Marshall Urista, EVP, Head of Research and Investments, Royalty Pharma: And then your second question on scenarios around the effect size in the upcoming Novartis Lp(a) trial. You know, there’s no question, and it won’t surprise you to hear us say that the effect size does matter. I think we should, given that, you know, we’re a few months away at this point from seeing this data, you know, I think there will be a lot of discussion, I am sure, based on, you know, based on what it ultimately shows. And I think it will matter, you know, in the range that you talked about. You know, the types of patients who benefited, were there any subgroups where particularly—where there was particularly strong benefit or had a particular impact on benefit?

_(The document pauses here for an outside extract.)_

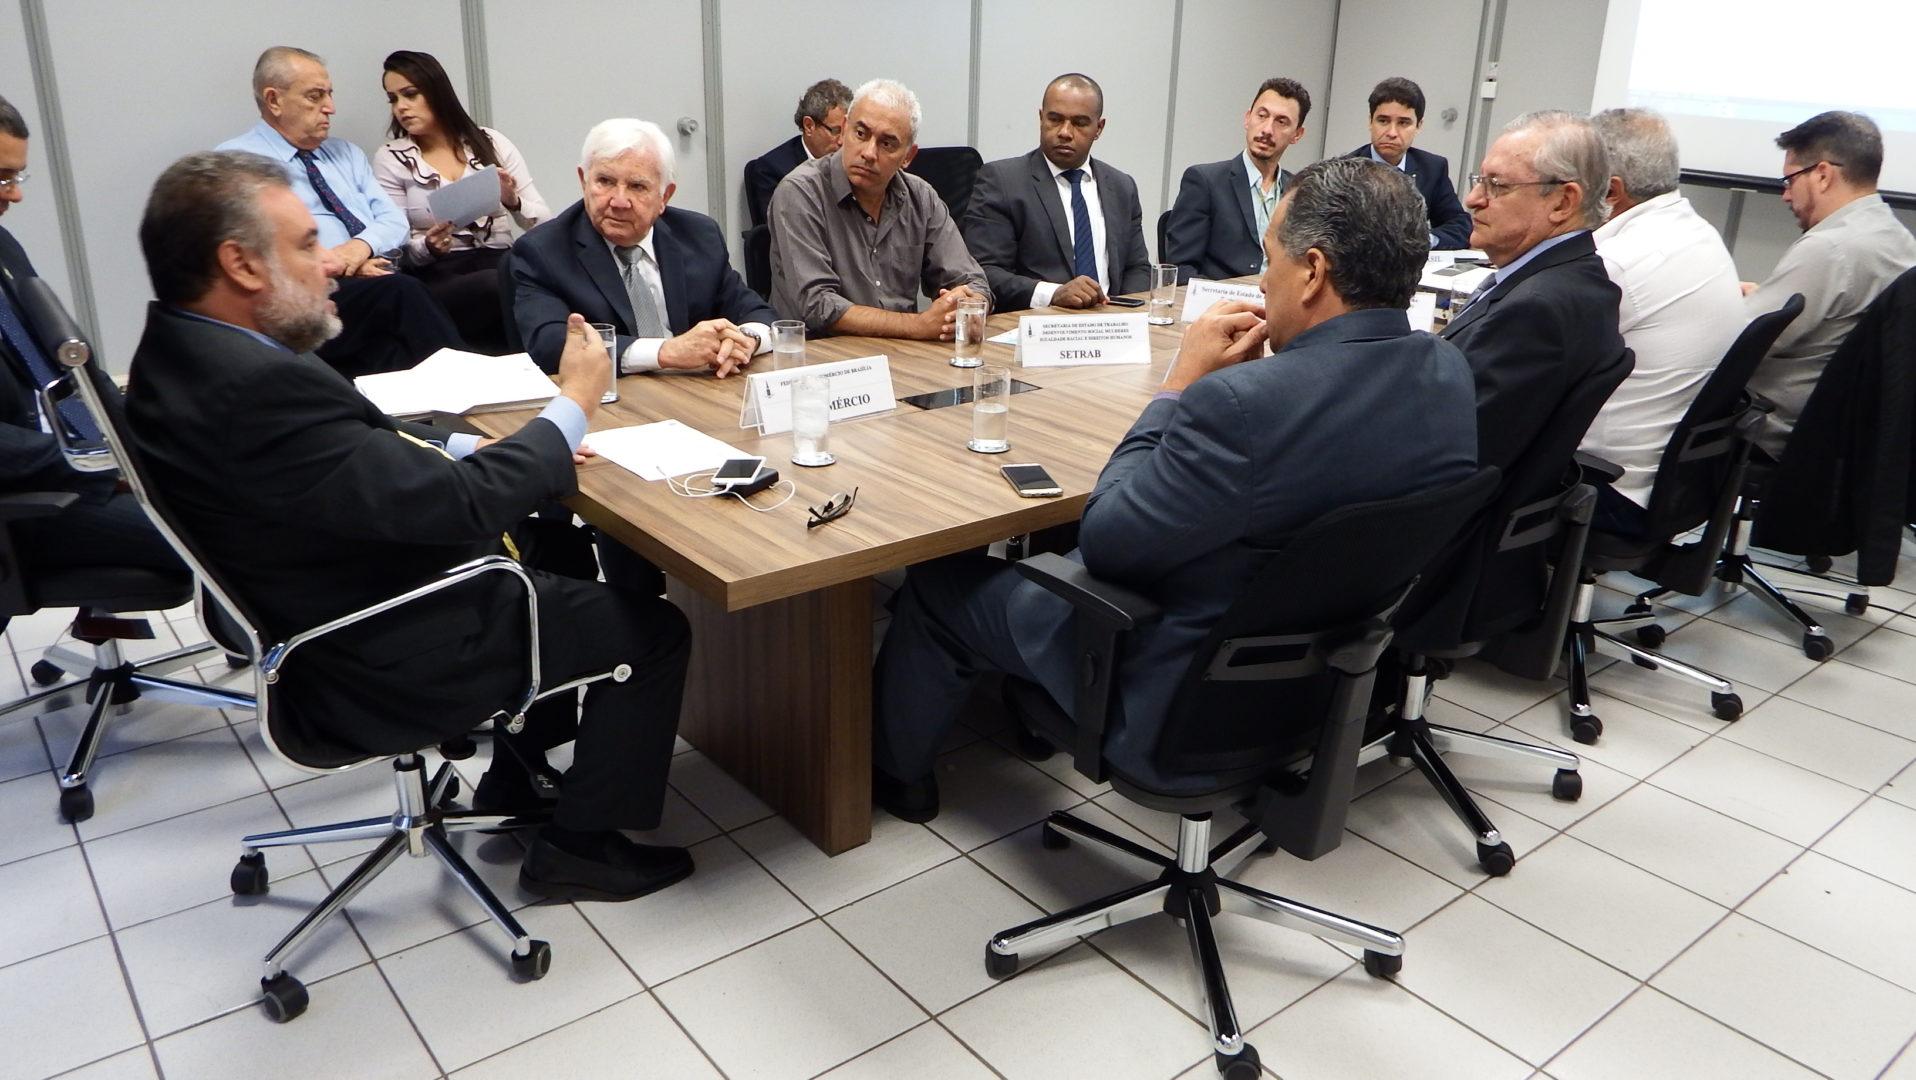 Secretario na pona da mesa reunido com conselhos para a provação de crédito

I think, you know, the physician community will work that out for who are the patients most likely to benefit. So, you know, again, you know, just, I think it does highlight the incredible potential of our development stage portfolio. We’re really excited to see this, you know, after waiting a few years at this point for this event. As you might imagine, we are eager to see it and discuss the data with everybody.

Conference Operator: Thank you. I am showing no further questions in the queue. I would now like to turn the call back over to Pablo for closing remarks.

Pablo Legorreta, Chief Executive Officer and Chairman of the Board, Royalty Pharma: Thank you, operator, and thank you to everyone on the call for your continued interest in Royalty Pharma. If you have any follow-up questions, please feel free to reach out to George Grofik and his team. Thank you, everyone.

Conference Operator: This concludes today’s conference call. Thank you for participating, and you may now disconnect.